Mental Leap 9 – Wonder Week 64
Mental Leap 9 – The World of Principles
For the first time, your child is now able to change programs he’s learned so far. And he loves playing with this. You can see how he varies the programs endlessly and studies all consequences of this. You can see how he does all kinds of “physical antics,” gets acquainted with the outdoors, starts to be more skillful with things and language, imitates others, role-plays daily life, practices emotions, starts to think ahead, starts nagging to get his way, starts to put on drama-play, starts to “demand” a vote, starts to be “aggressive,” can distinguish between mine and yours, starts being nice and placating to get on mom’s good side, starts to make jokes to get around the rules, starts negotiating and bargaining, starts experimenting with “yes” and “no,” starts to know how to get someone to do something for him, learns to do something together, wants to help in the household, and experiments with “thoughtless” vs. “careful.”
Mental Leap 10 – Wonder Week 75
Mental Leap 10 – The World of Systems
With the tenth leap, 75 weeks after due date, or more easily said, 17 months, your toddler gets the new ability to perceive and handle “systems.” He is now able to see clearly over the world of principles. He no longer applies principles as rigidly as before. He is able to adjust his principles to changing circumstances. He also starts to understand that he can choose how he wants to be: honest, helpful, careful, patient, etc. Or, he could choose to be just the opposite. From off this age you can see him develop the earliest beginnings of a conscience by systematically upholding his values and norms.

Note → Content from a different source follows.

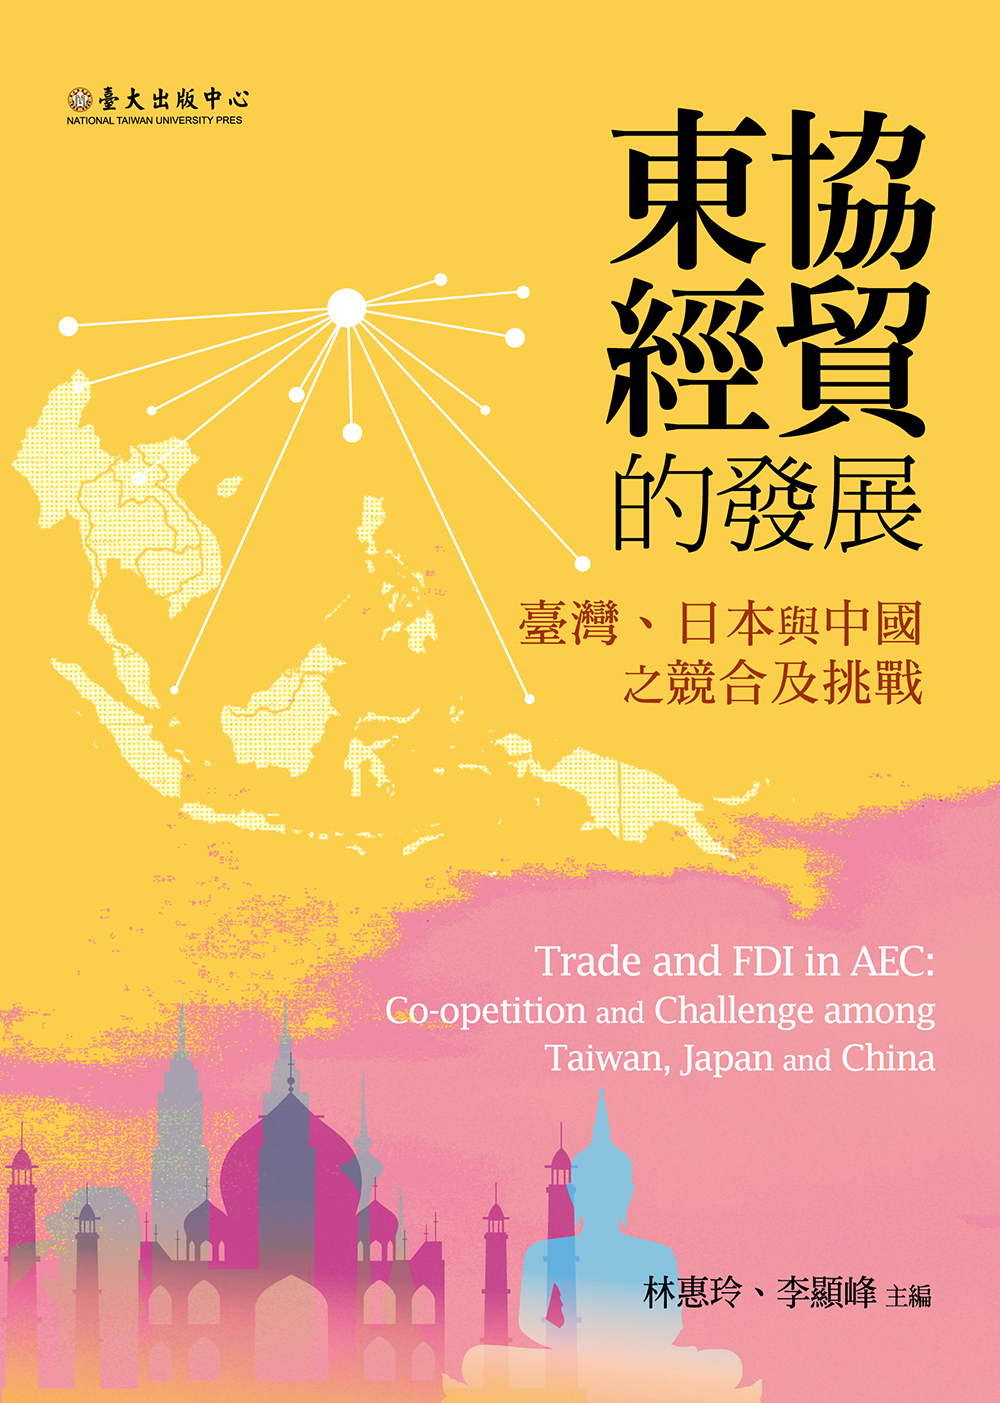 Trade and FDI in AEC: Co-opetition and Challenge among Taiwan, Japan and China
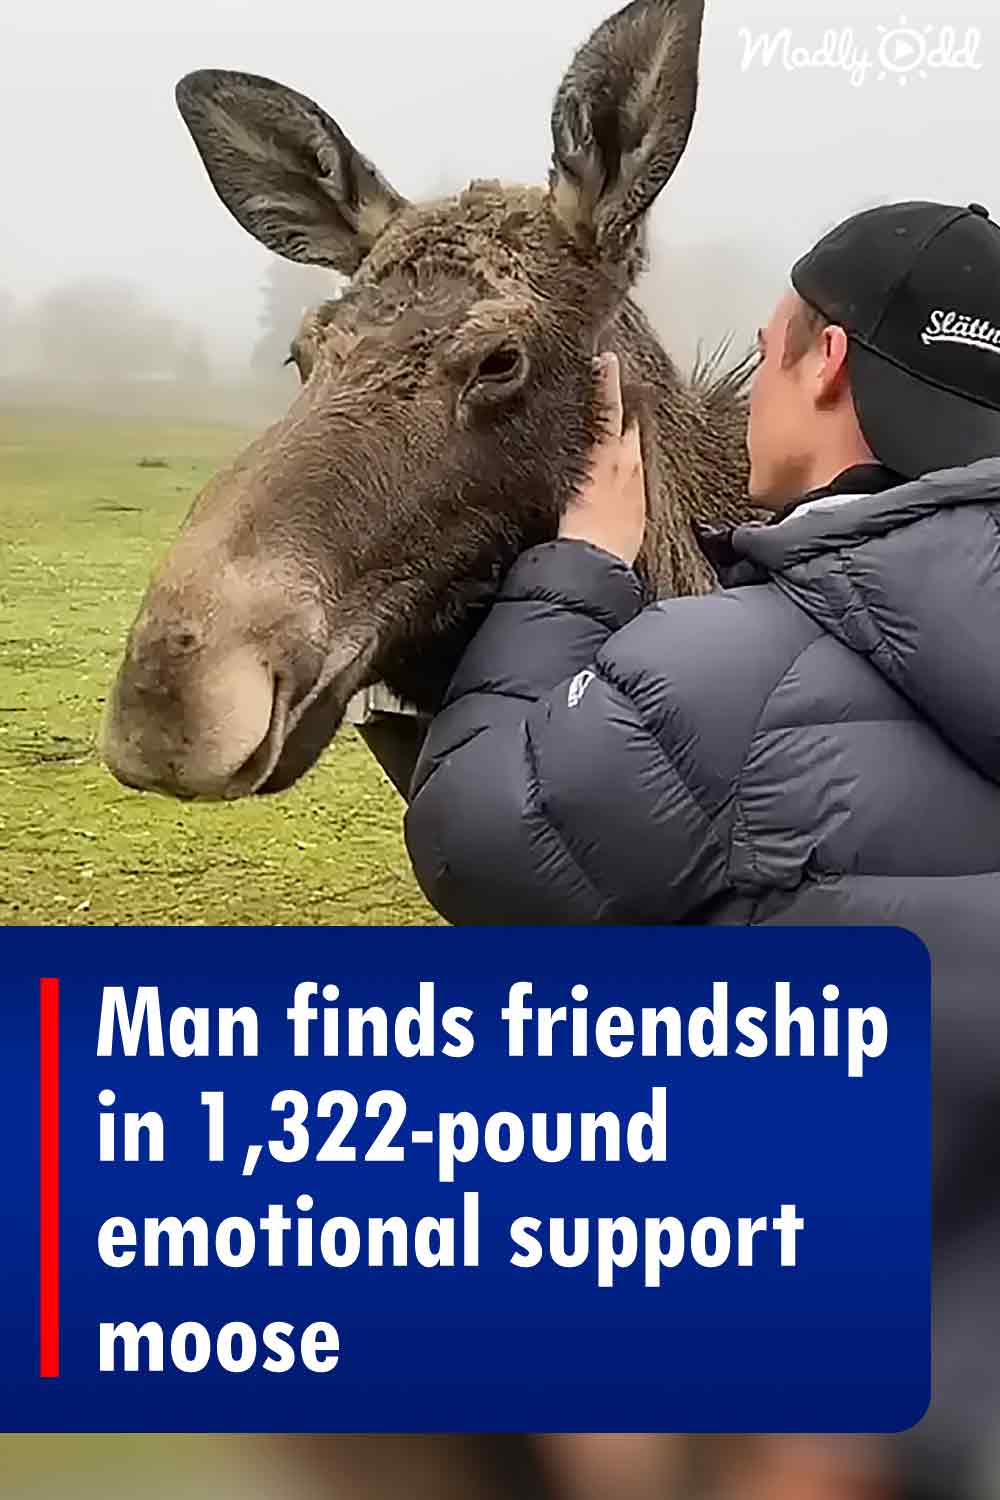 Man finds friendship in 1,322-pound emotional support moose

We adults use the term “system” if the parts it consists of are interdependent and function as a whole. There are tangible examples, like a grandfather clock that needs winding, en electrical network or the human muscle system. There as also less tangible examples such as human organizations. To name just a few examples, take the scouts, the family, the drama club, the police station, the church, our society, our culture, and the law.
Spoiling:
You can’t spoil babies, but you can toddlers! By understanding what is happening inside that little head of your newly formed toddler – and remember, they are pretty savvy – you can shape the future behavior of your toddler and set values and norms that will carry him through life.